In addition to excellent clinical outcomes in comparison to SAVR, TAVI is much less invasive, with a significantly reduced hospital stay, more rapid recovery and far less consumption of hospital resources. TAVI is percutaneous and performed under local anaesthetic in >95% of patients in the UK. In the UK TAVI randomised trial, median hospital stay was 3 days for TAVI compared with 8 days for SAVR, median intensive care unit (ICU) bed day use was zero in the TAVI group, and QOL was improved after only 2 weeks in comparison to 6 months after SAVR.14 Minimisation of hospital stay, avoidance of ventilation and use of ICU, and more rapid recovery with TAVI in contrast to SAVR may be of particular merit in the era of the COVID-19 pandemic, when the premium placed on preserving healthcare resources and minimising hospital contact is even more profound.

The impact of underprovision of TAVI in the UK

Waiting lists

Across the NHS, demand for TAVI far outstrips capacity, and as a result, patients with this debilitating and life-threatening condition face long waits for treatment. We performed an analysis of waiting times for TAVI in the NHS in 2019. Among 23 centres from which data were obtained, the median waiting time from referral to TAVI was 141 days—over 20 weeks (table 1). Geographical inequity in waiting times is also evident, with the median time from referral to TAVI varying from 9 weeks to 35 weeks. Furthermore, these times do not take into account the delay from the onset of symptoms to assessment by a general practicioner, followed by referral to a local hospital, and then eventual referral to the TAVI centre.

Table 1

Data from a survey of UK TAVI centres demonstrating the average waiting time from referral to TAVI during 2019

Mortality

Since the median survival of severe symptomatic AS is worse than almost any metastatic cancer, it is not unexpected that inadequate capacity and long waiting lists translate to mortality. A study published in 2014 showed that a delay to TAVI of 6 months led to almost a quarter of patients (23.3%) dying on the waiting list.15 In our survey of 23 UK TAVI centres, there were 299 deaths among patients awaiting TAVI in 2019. If extended to all 35 centres performing TAVI in the UK, this would translate to over 500 avoidable deaths annually. Again, there was significant geographical variation, with the number of deaths per centre for patients awaiting TAVI ranging from 1 to 40.

Hospitalisation

As well as death, a long wait for TAVI often leads to clinical deterioration and acute hospital admission. In our analysis from 23 UK TAVI centres, 22% of TAVI procedures were in hospitalised patients. The median hospital stay was 33 days among in- patients, compared with 3 days for those treated from home. A focused analysis in one large centre revealed that 39% of urgent in-patient procedures were in subjects who had already been accepted for TAVI and were on a waiting list but had decompensated. It is clear, therefore, that the long waits for TAVI seen in the NHS not only result in unnecessary deaths but also in the avoidable consumption of hospital beds.

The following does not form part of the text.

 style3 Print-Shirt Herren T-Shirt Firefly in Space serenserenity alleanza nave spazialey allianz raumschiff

Valve for Life TAVI proposals

Introduction of a fast-track TAVI pathway

There is currently no specific treatment time target for TAVI in the UK. NHS policy mandates a maximum waiting time for non-urgent, consultant-led treatments of 18 weeks and this is used as a target from time of referral to treatment in the case of SAVR. However, this is not consistently applied to TAVI, and as our survey shows, is not being achieved across UK centres; fewer than half of the 23 centres which provided data reported a median time from referral to TAVI of ≤18 weeks (11/23; 47.8%).

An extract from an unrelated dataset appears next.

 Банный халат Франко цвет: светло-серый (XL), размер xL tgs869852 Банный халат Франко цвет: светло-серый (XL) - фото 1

Since severe symptomatic AS has a prognosis similar to or worse than metastatic cancer, Valve for Life proposes that an analogous fast-track pathway template used for the investigation and treatment of suspected cancer is applied to the management of AS, whether by TAVI or SAVR (figure 4). The cancer pathway targets are 14 days from referral to being seen in a specialist clinic, 31 days from decision to treat to definitive treatment and 62 days in total from time of referral to start of treatment. We propose that centres offer a single common pathway for AS, incorporating surgical or TAVI clinic appointment within 2 weeks. Following outpatient assessment, patients would be discussed at the heart valve multidisciplinary team (MDT) meeting and undergo valve intervention, if appropriate, with a target of 8 weeks in total from referral to treatment.

Figure 4

Proposal for a new fast-track TAVI pathway showing valve for life targets as well as the NHS England Specialised Cardiac Improvement Programme (SCIP) 18 week target from diagnosis to treatment. AS, aortic stenosis; MDT, multidisciplinary team; SAVR, surgical aortic valve replacement; SCIP, Specialised Cardiac Improvement Programme; TAVI, transcatheter aortic valve intervention.

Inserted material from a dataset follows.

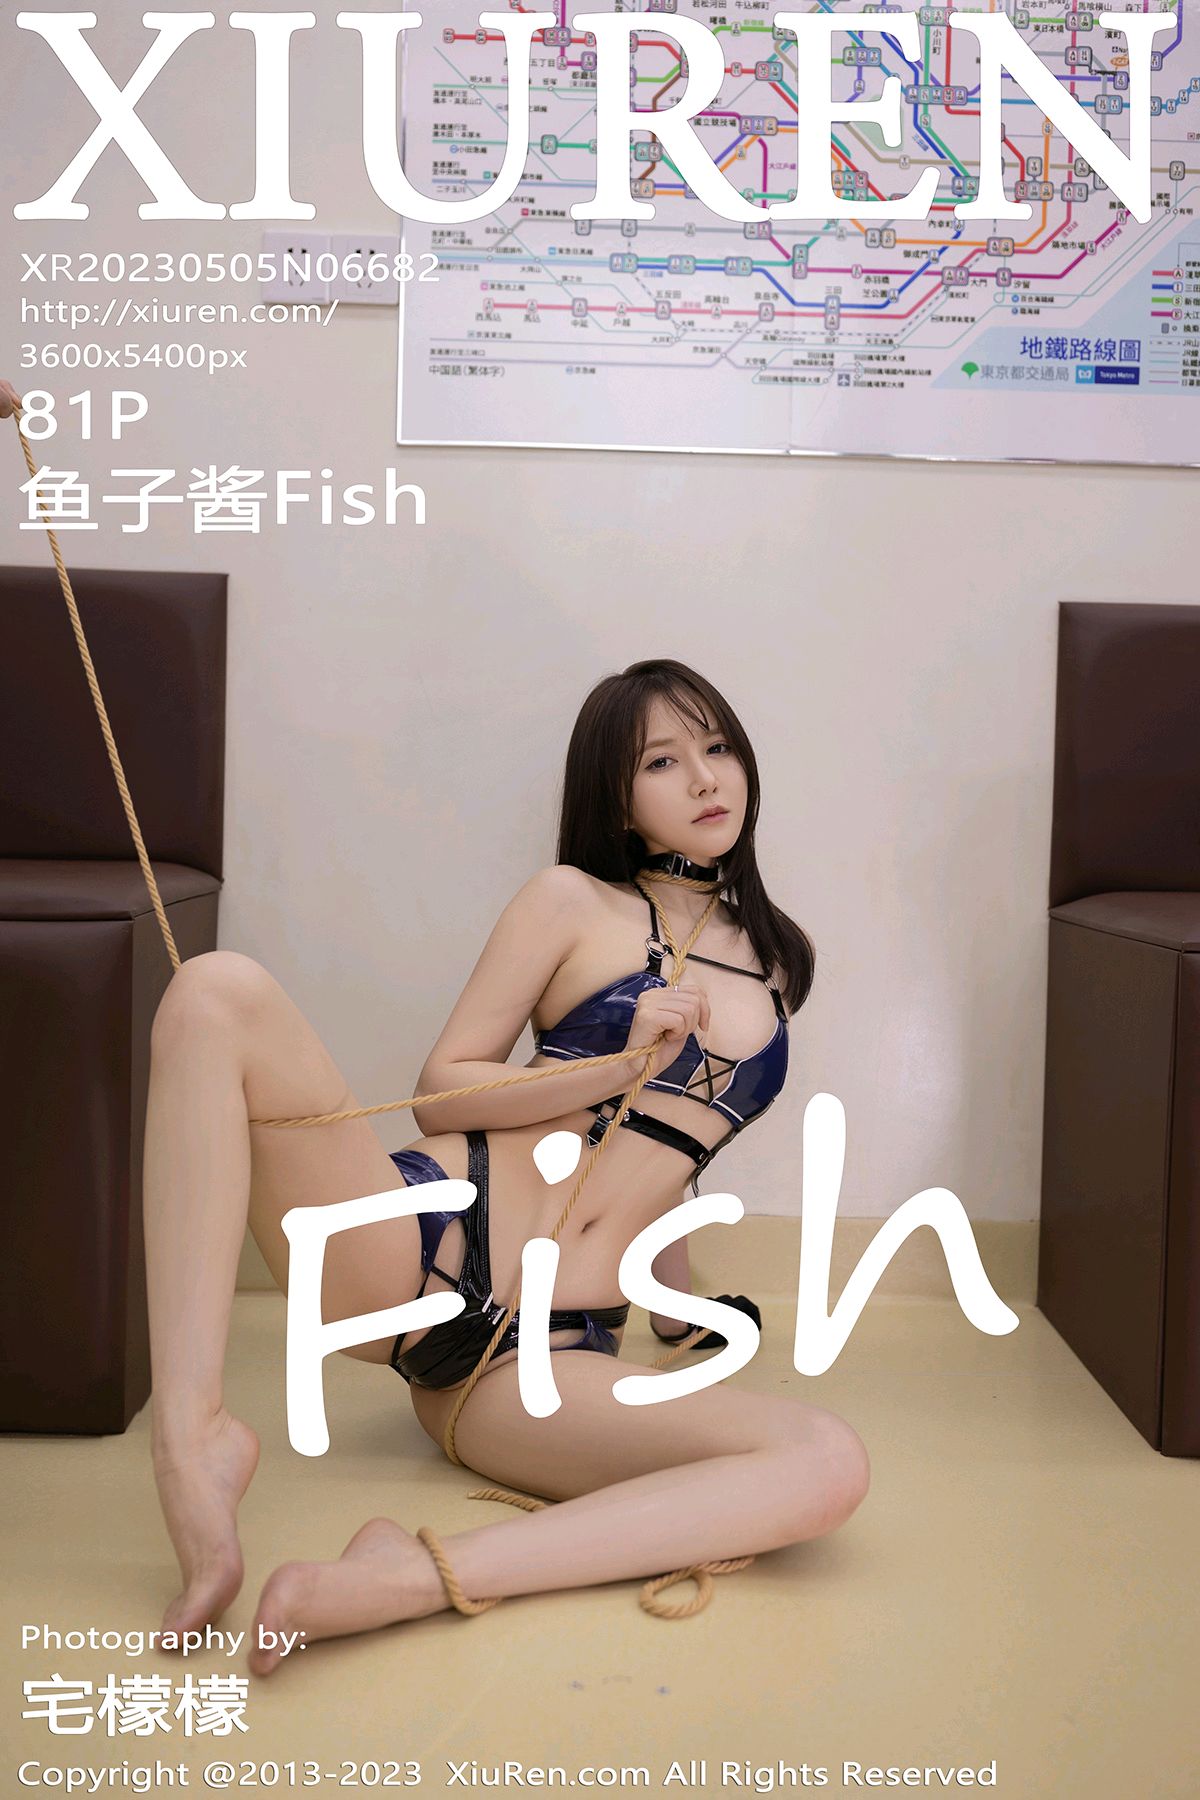 [XiuRen秀人网] 2023.05.05 No.6682 鱼子酱Fish [81+1P]

The Valve for Life fast-track pathway for TAVI is consistent with proposals from the NHS England Specialised Cardiac Improvement Programme (SCIP). SCIP is yet to report its final recommendations but is proposing a similar accelerated pathway for AS, which is likely to include a recommendation for a maximum 18-week wait for treatment of severe symptomatic AS from the time of diagnosis. If implemented, this would address the delays patients often face before referral to the Valve centre is made. The 8-week target from referral to treatment proposed by Valve for Life would fit into this overall 18-week pathway.

Delivering a fast-track pathway

The 8-week treatment target will be a mandatory requirement against which individual providers are measured. Such a centrally mandated NHS pathway will require hospitals to prioritise allocation of resources to valve services in order to meet the targets. Nevertheless, we recognise that delivering definitive treatment by TAVI or SAVR within 8 weeks of referral would represent a major challenge for centres across the NHS. Valve for Life will propose a number of measures to help meet this ambitious but essential target.

Single referral point

All referrals for treatment of AS would be received through a single referral point. The Valve team would assign each patient a priority rating based on clinical urgency, triage patients to SAVR, TAVI or a joint clinic as appropriate, and ensure all required investigations had been performed or were planned.

Streamlining referral and investigation

Invasive coronary angiography would no longer be mandated prior to referral, with CT coronary angiography used both for the exclusion of significant coronary artery disease and for assessment of vascular access and aortic valve anatomy prior to TAVI or SAVR. In cases where invasive angiography was felt to be necessary, this would be arranged at the point of triage. CT would be performed in the referring centre where possible, or otherwise at a one-stop visit to coincide with the outpatient appointment at the specialist Valve centre. All other assessments, including consultant review, appraisal by the valve nurse specialist including frailty assessment, ECG and transthoracic echocardiography, would be performed at the one-stop clinic.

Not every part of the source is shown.